EIFEL. Bahnpendler und Reisende müssen sich am Montag weiter auf Verzögerungen und Zugausfälle in Nordrhein-Westfalen und Rheinland-Pfalz einstellen. Auf sechs Regionallinien in der Eifel sei der Zugbetrieb aufgrund der Unwetterschäden ganz eingestellt, teilte die Deutsche Bahn am Montag in Düsseldorf mit. Betroffen seien die Linien RE 12, RE 22, RB 24, RB 30, RB 39 und S 23/RB 23. Vielerorts sei wegen der Schäden auch kein Schienenersatzverkehr möglich.
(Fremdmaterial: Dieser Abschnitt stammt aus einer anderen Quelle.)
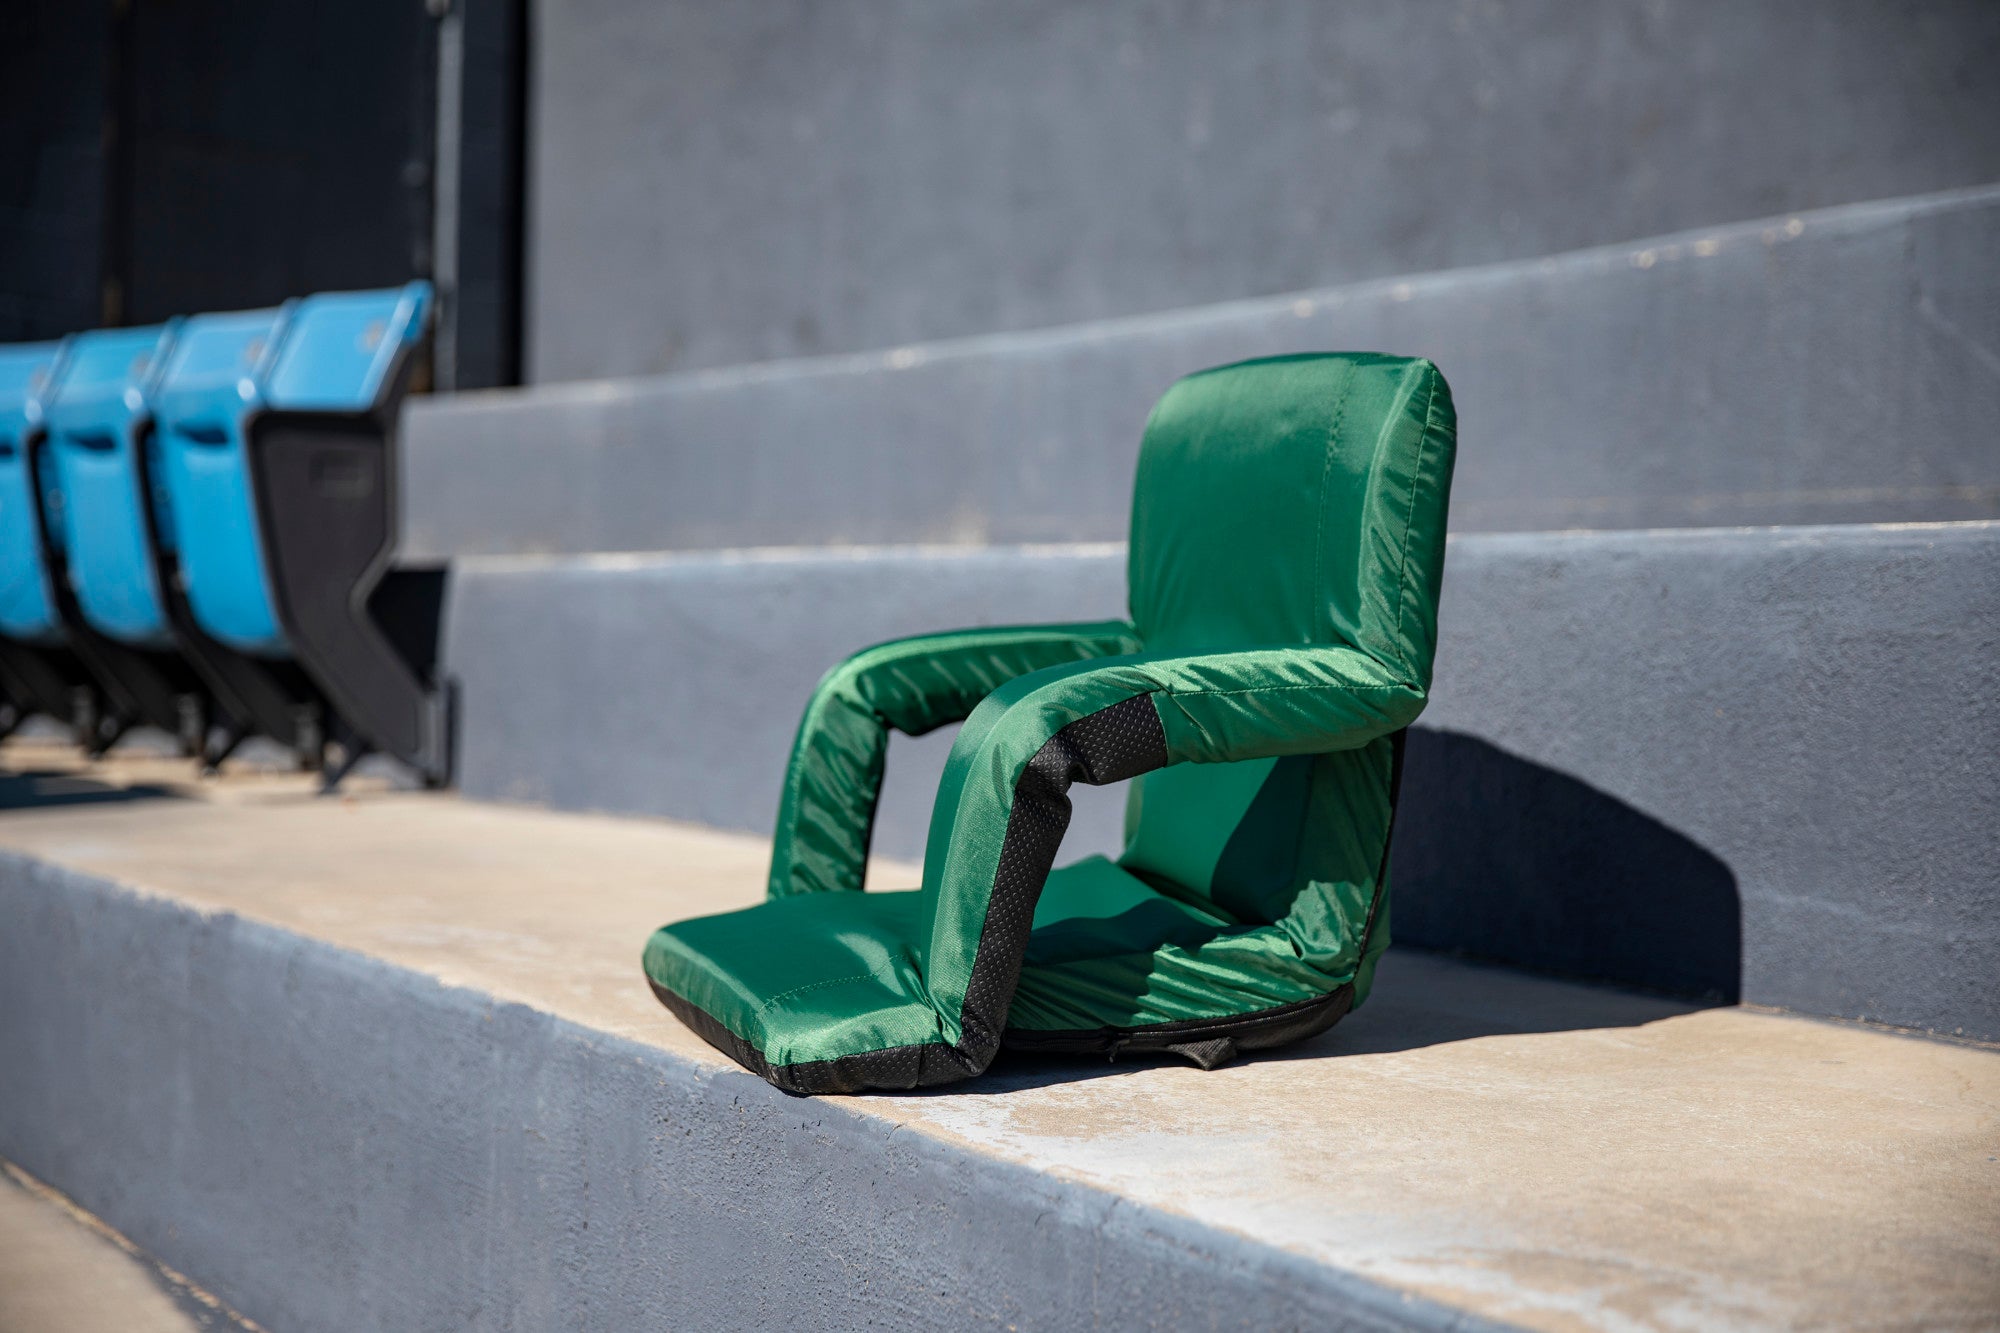 Ventura Portable Reclining Stadium Seat

Ersatzverkehr mit Bussen sei zwischen Hürth-Kalscheuren und Euskirchen, zwischen Bonn Hauptbahnhof und Euskirchen sowie zwischen Gerolstein und Trier Hauptbahnhof eingerichtet worden. Auch in der Gegend um Hagen und Köln gab es am Montagmorgen Verspätungen und Teilausfälle der S-Bahnen und Regionalzüge.

Beim Fernverkehr meldete das Unternehmen weitere Fortschritte: Der Abschnitt Köln – Wuppertal – Hagen – Dortmund könne voraussichtlich ab 10 Uhr wieder befahren werden, es sei jedoch weiter mit Verspätungen zu rechnen.

Nach einem ersten Lagebild wurden in NRW und Rheinland-Pfalz mehr als 80 Stationen und Haltepunkte durch die Unwetterkatastrophe beschädigt, wie die Deutsche Bahn bereits am Sonntag mitteilte. Zudem seien auf mehr als 600 Kilometern Länge Gleise beschädigt worden.